Ways to create easements
Express: grant or reservation
Implied: necessity (grant or reservation)
Common intention
s62 LPA 1925
Express Grant
An easement is expressly granted when the owner of the potential servient tenement grants an easement over their land to the owner of what will become the dominant tenement. This may occur in two scenarios:
- Where the servient and dominant tenements are already in separate ownership
- When the land is owned by a potential servient owner and they sell or lease a part of that land to another, the potential servient owner may include in that sale/lease a grant of an easement to the purchaser. The land remaining in the sellers possession becomes the servient tenement and the piece sold becomes the dominant tenement.
Express Reservation
An easement is expressly reserved when the owner of the potential dominant tenement keeps an easement for the benefit of the land kept, operating over other land. Where land is owned by the potential dominant owner and they sell a piece of that land to another, the potential dominant owner may include in that sale a reservation of an easement for themselves. The land remaining with the seller becomes the dominant tenement and the piece sold becomes the servient tenement. The seller has reserved an easement for the benefit of the sellers own land. If the conveyance is by deed or registered disposition the easement is legal, if the transfer is by written contract it is equitable.

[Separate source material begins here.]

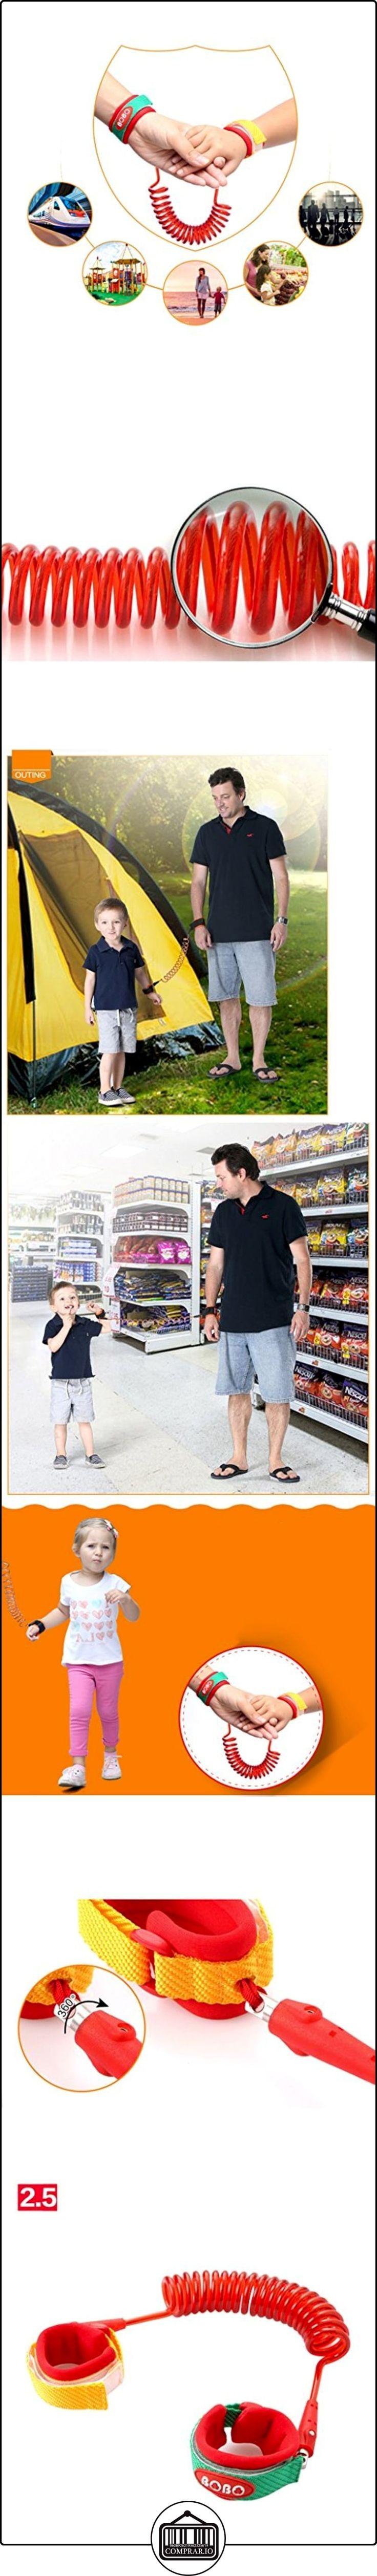 HOME de los niños contra la pérdida de tracción de la cuerda del bebé infantil de los niños contra la pérdida de la mano del anillo Tijeras INFANTILES PERDIDO DRAGON ROJO DEL ENCANTO ( Tamaño : 2.5m )  ✿ Seguridad para tu bebé - (Protege a tus hijos) ✿ ▬► Ver oferta: http://comprar.io/goto/B01M0XPX7Z
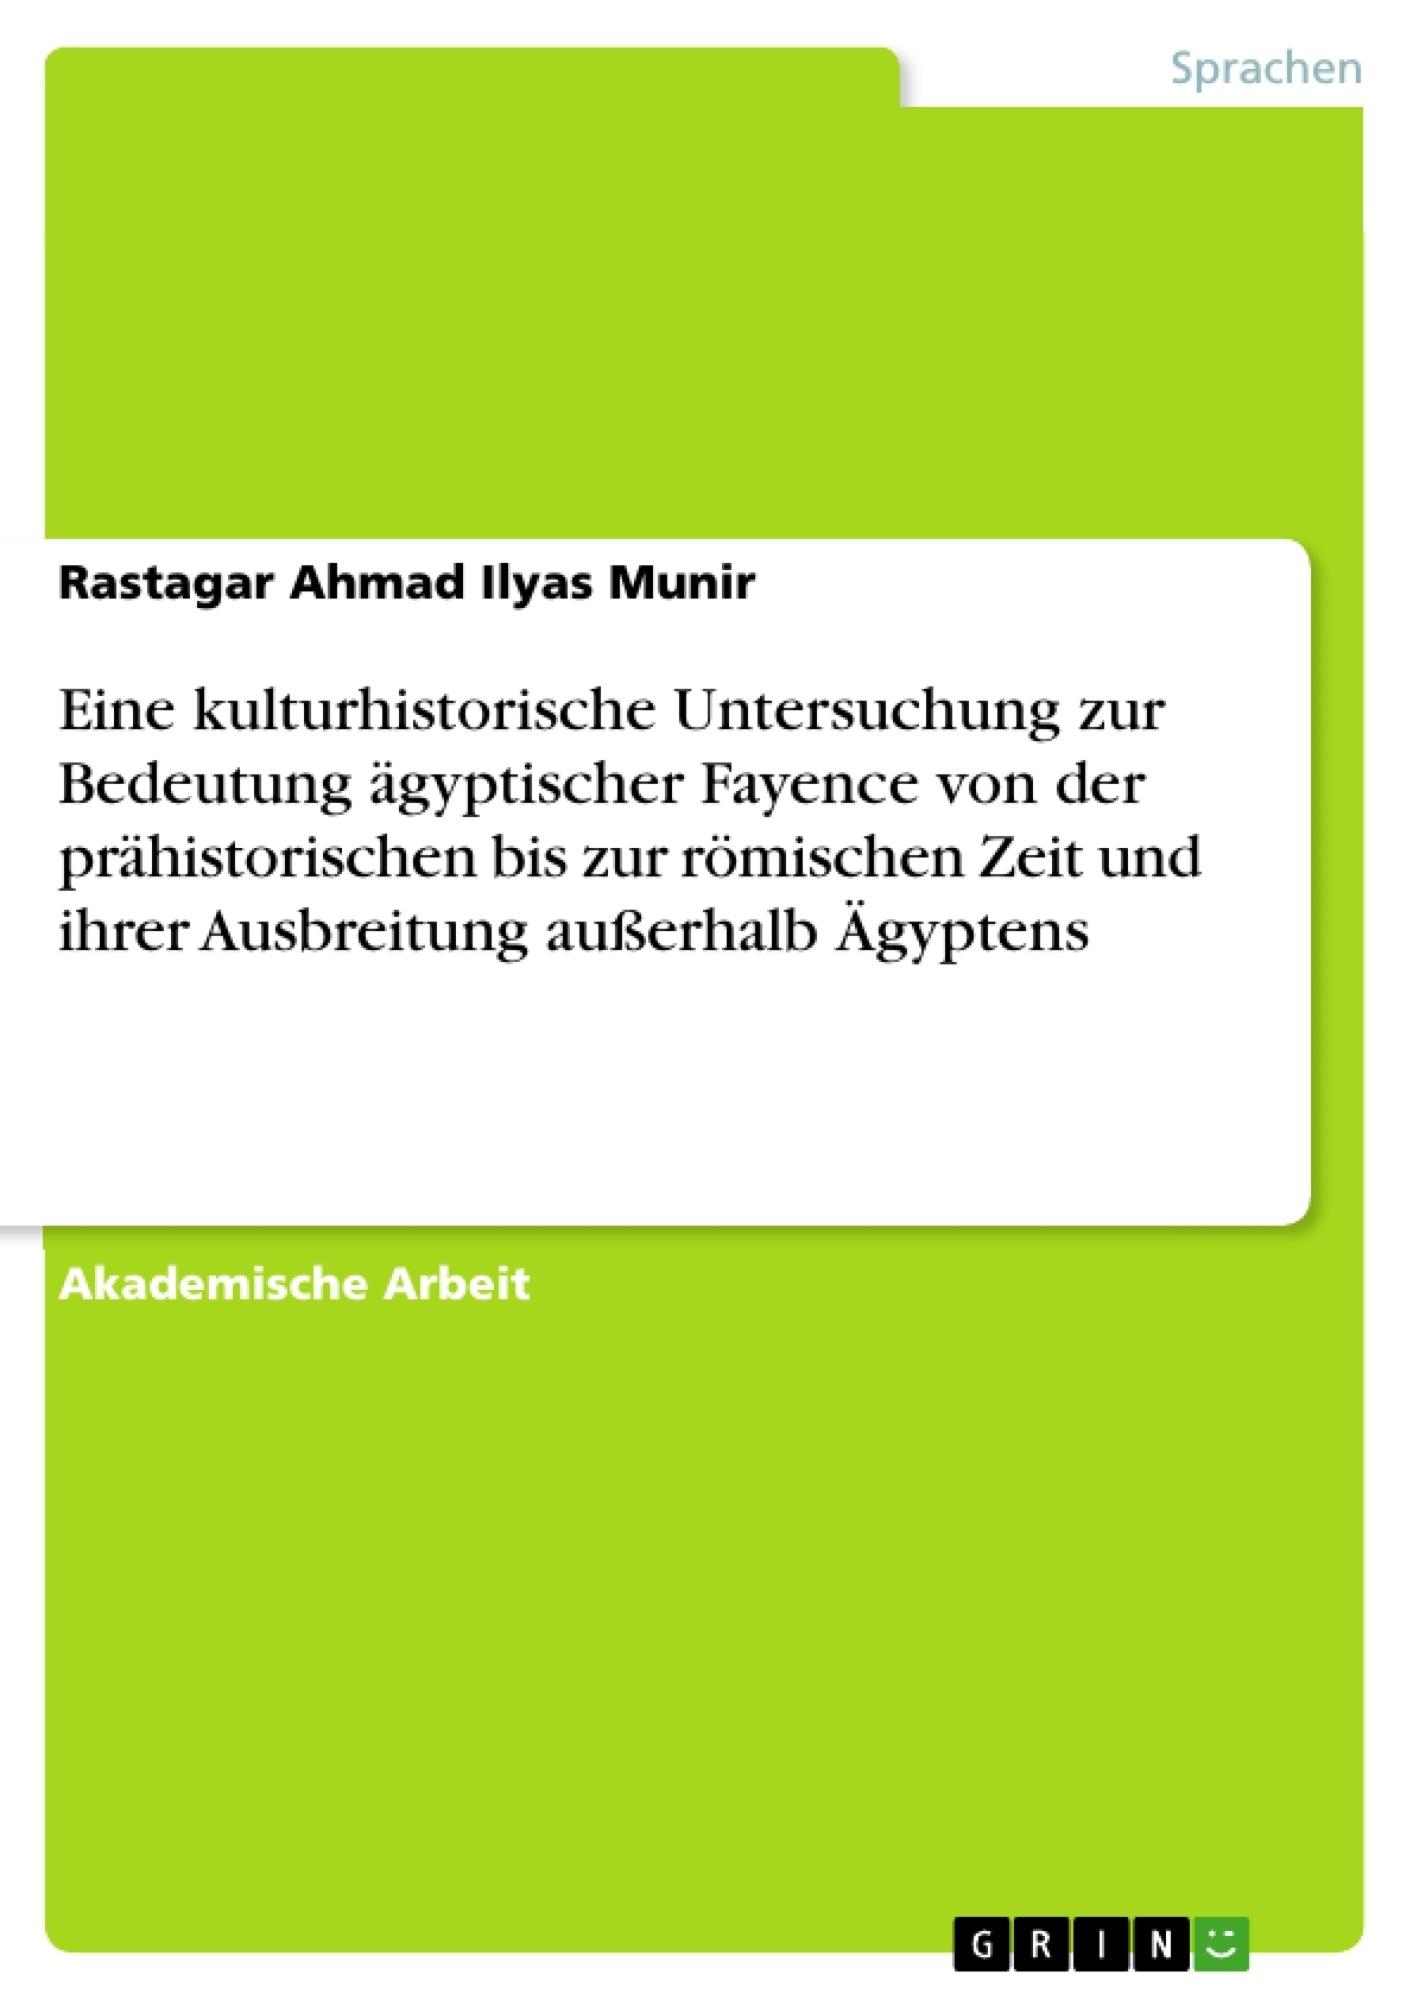 Titel: Eine kulturhistorische Untersuchung zur Bedeutung ägyptischer Fayence von der prähistorischen bis zur römischen Zeit und ihrer Ausbreitung außerhalb Ägyptens

Implied creation necessity
An easement may be impliedly granted, and occasionally impliedly reserved, because of necessity. The most common example is where the land sold or retained would be useless without the existence of an easement in its favour.
Implied creation necessity grant
For reasons of necessity, easements arise most frequently in connection with way or light. If A sells part of his land to B, but it is impossible for B to gain access to his new land without walking over the land retained by A, an easement of way by necessity will be impliedly granted. Wong is an example in which an easement of ventilation by necessity was held to exist due to ventilation shaft. Real necessity must exist – in Re MRA Engineering, access to land by foot was possible so this prevented the implication of an alleged easement by necessity for vehicles.
Implied creation necessity reservation
Reservation of easements by necessity are rare because seller has power to expressly reserve an easement as condition of a sale.